HOW TO COMPLETE THIS TASK =
Both the line below containing "cracks in a wall stockfotos" and the line containing "Couteau de Nontron", along with every line between them, should be repeated exactly; no other line belongs in the answer.

GIVEN RECORDS =
-=-=-

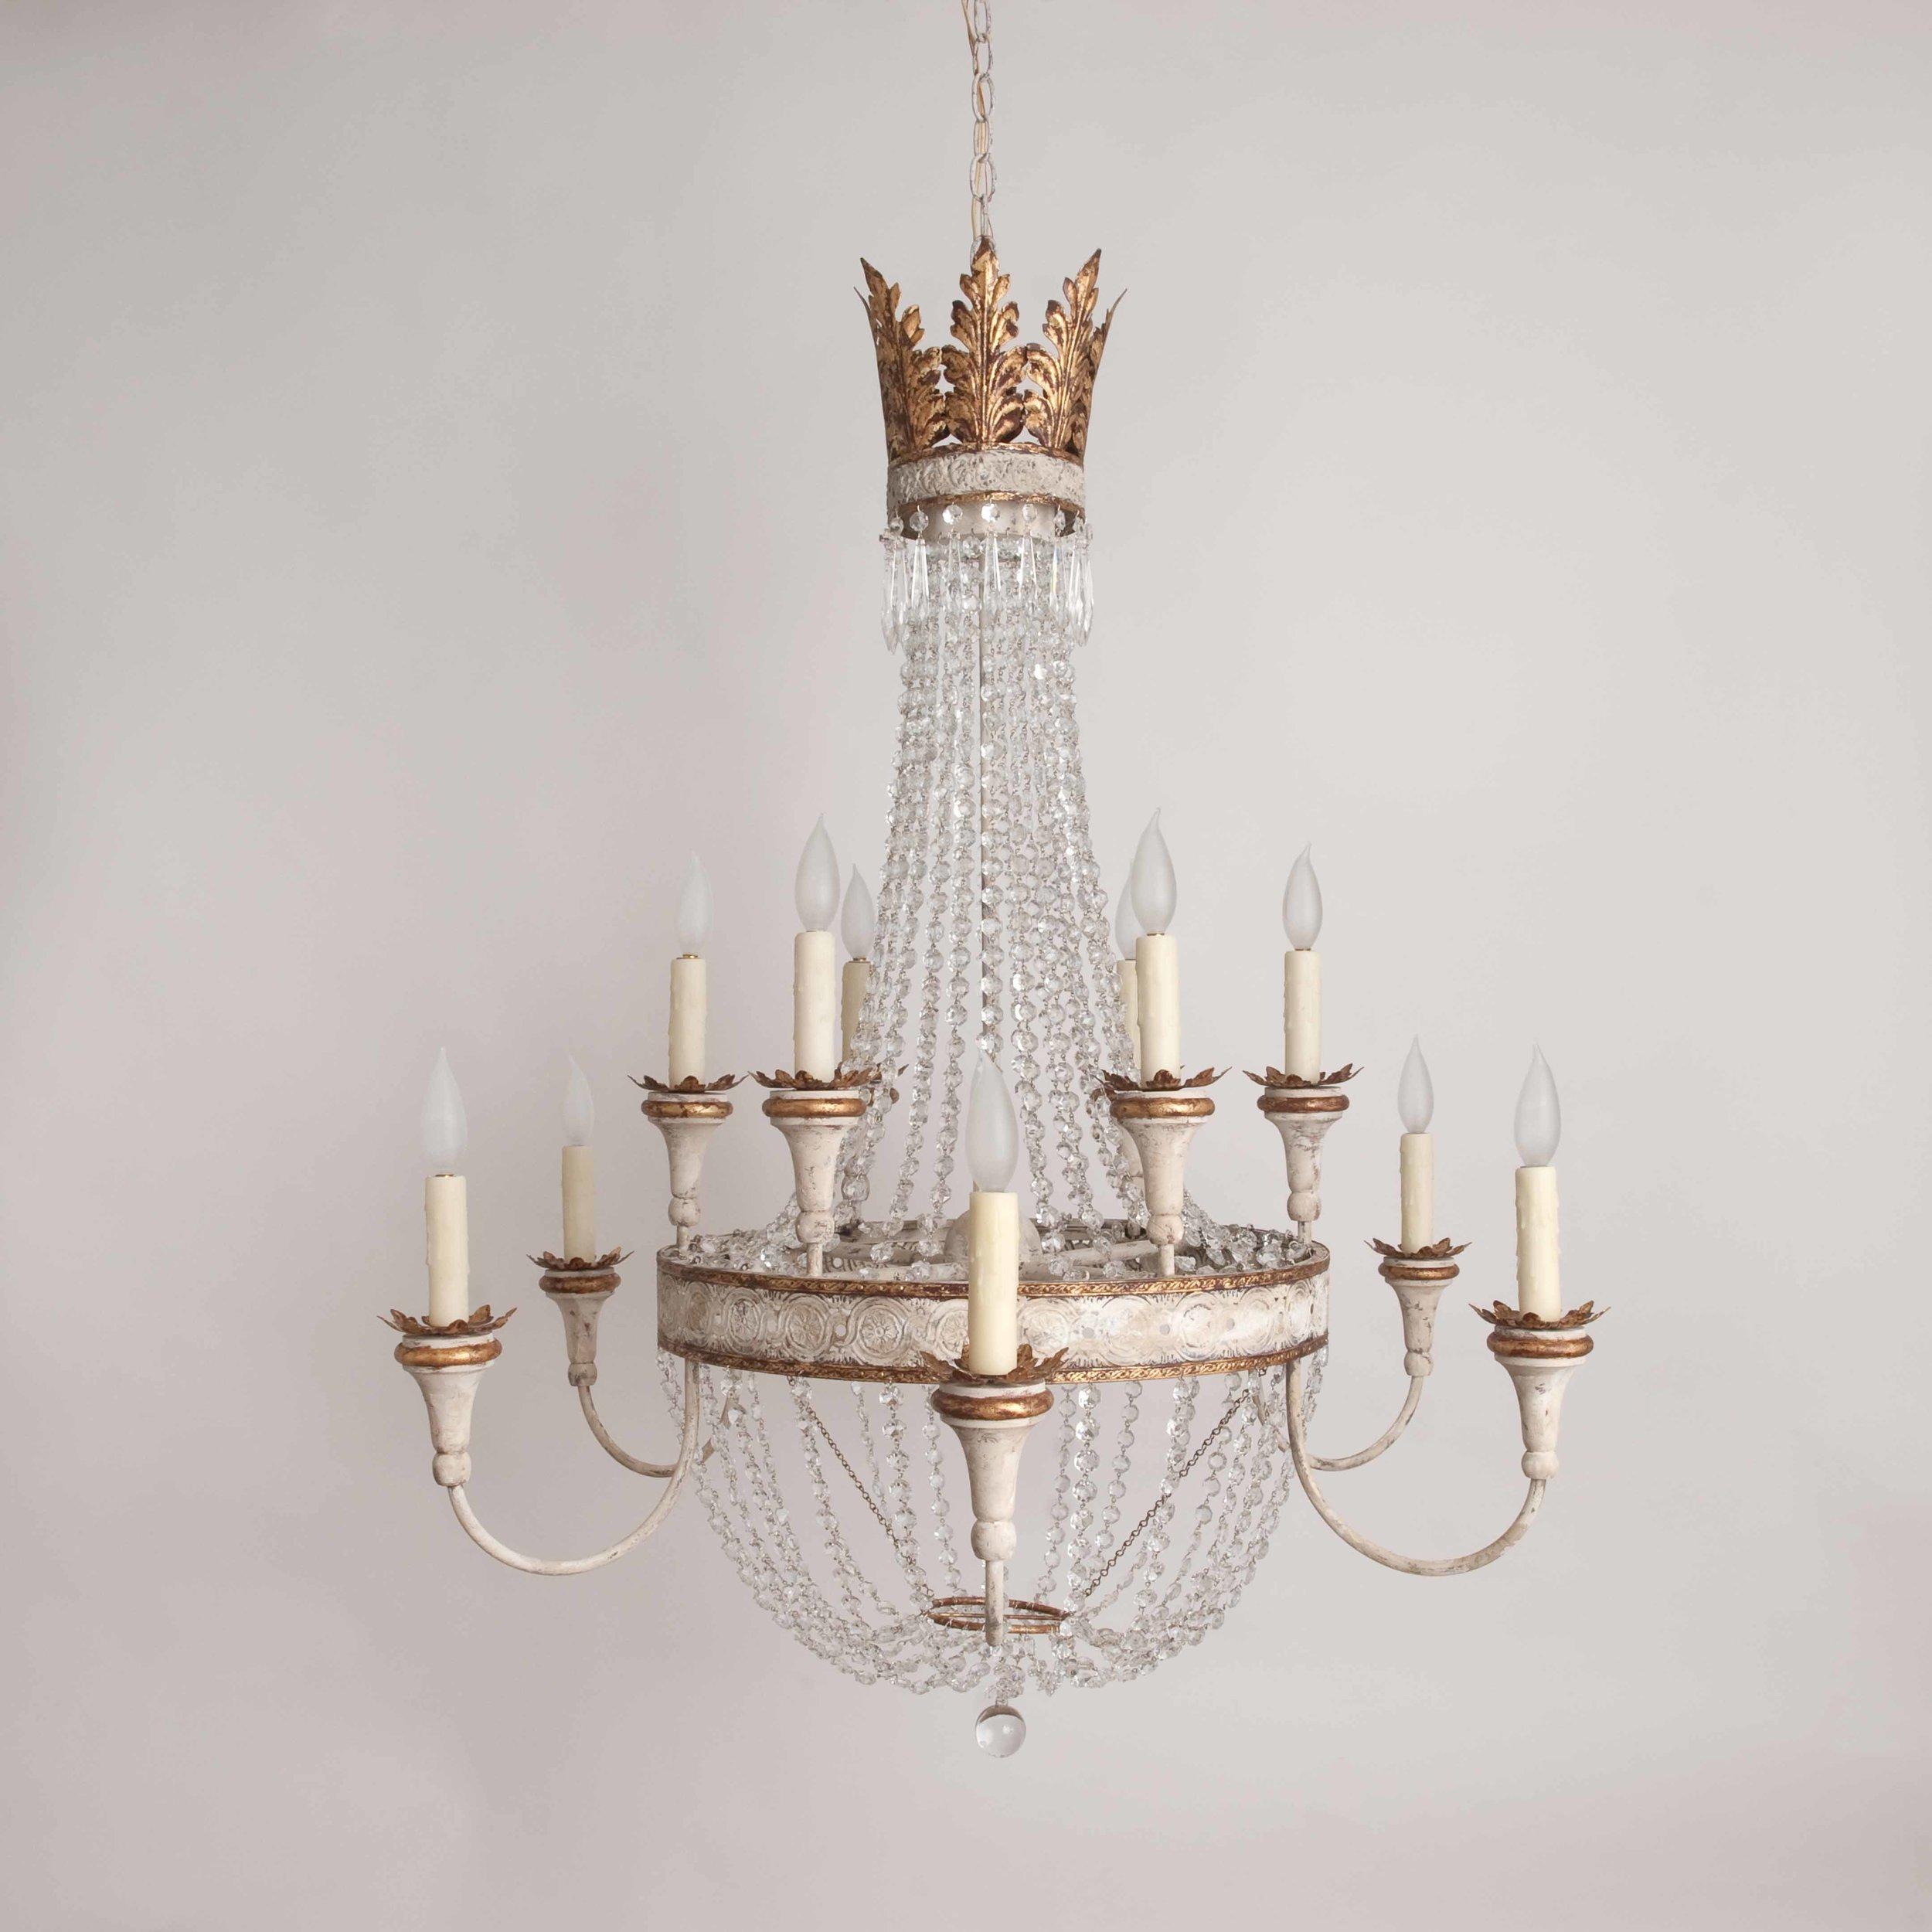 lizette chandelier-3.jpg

-=-=-

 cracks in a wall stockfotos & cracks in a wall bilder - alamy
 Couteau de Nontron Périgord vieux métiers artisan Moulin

-=-=-

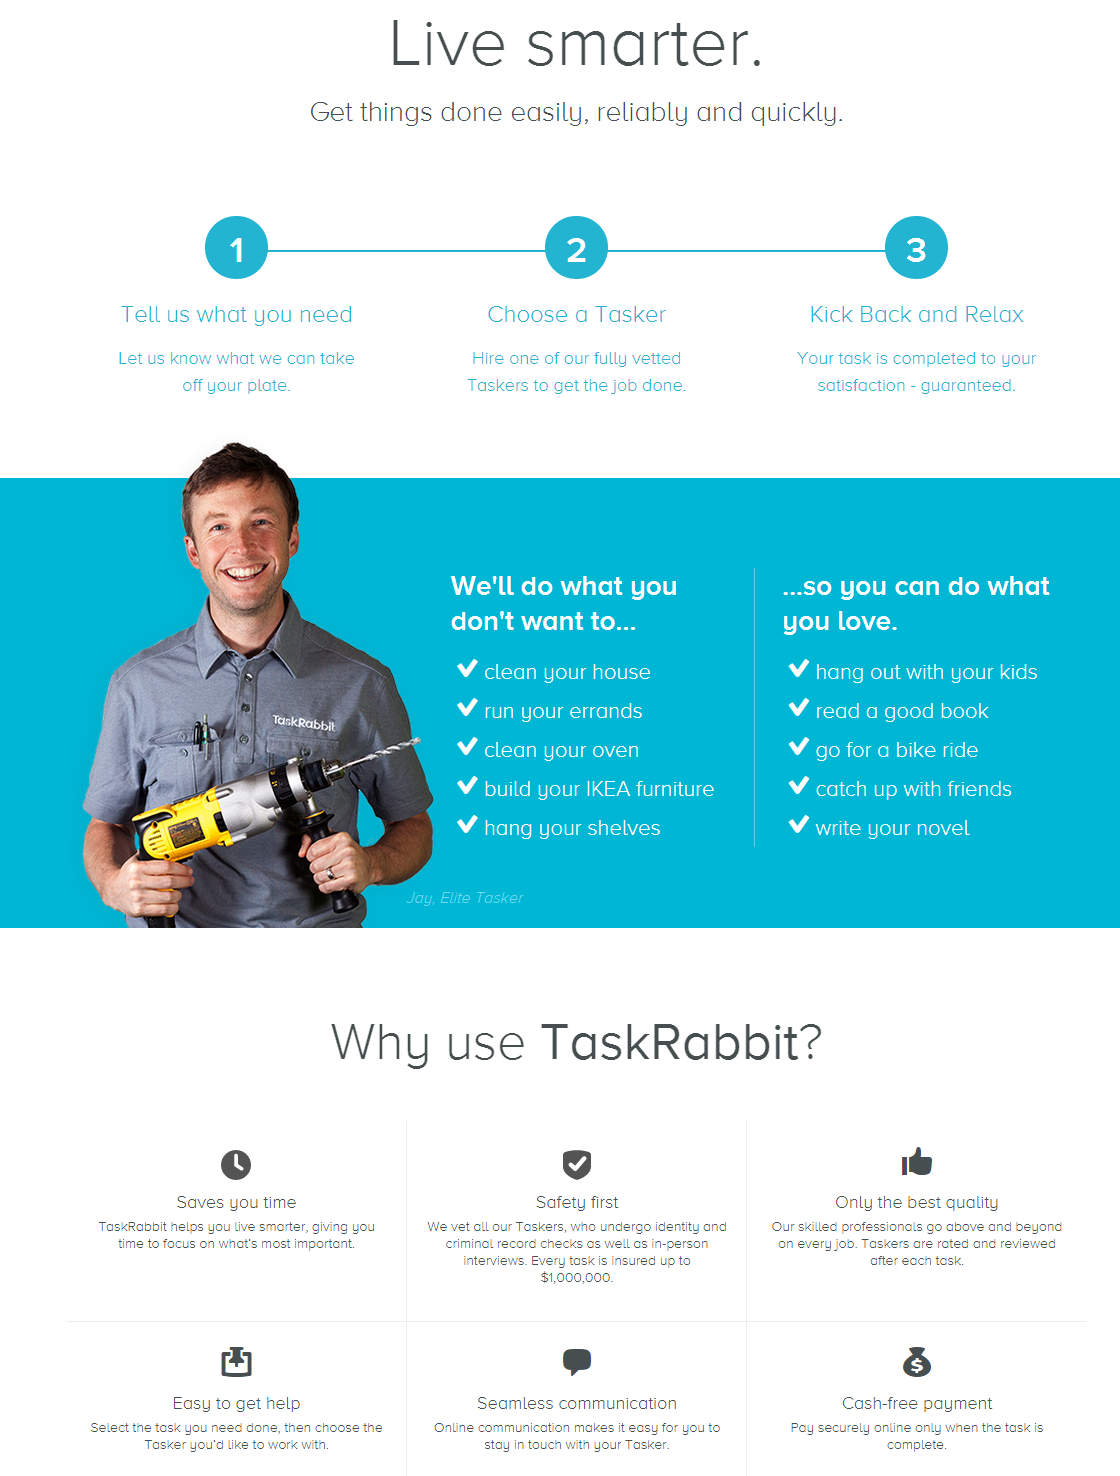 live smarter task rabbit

-=-=-

WRITTEN ANSWER =
 cracks in a wall stockfotos & cracks in a wall bilder - alamy
 Couteau de Nontron Périgord vieux métiers artisan Moulin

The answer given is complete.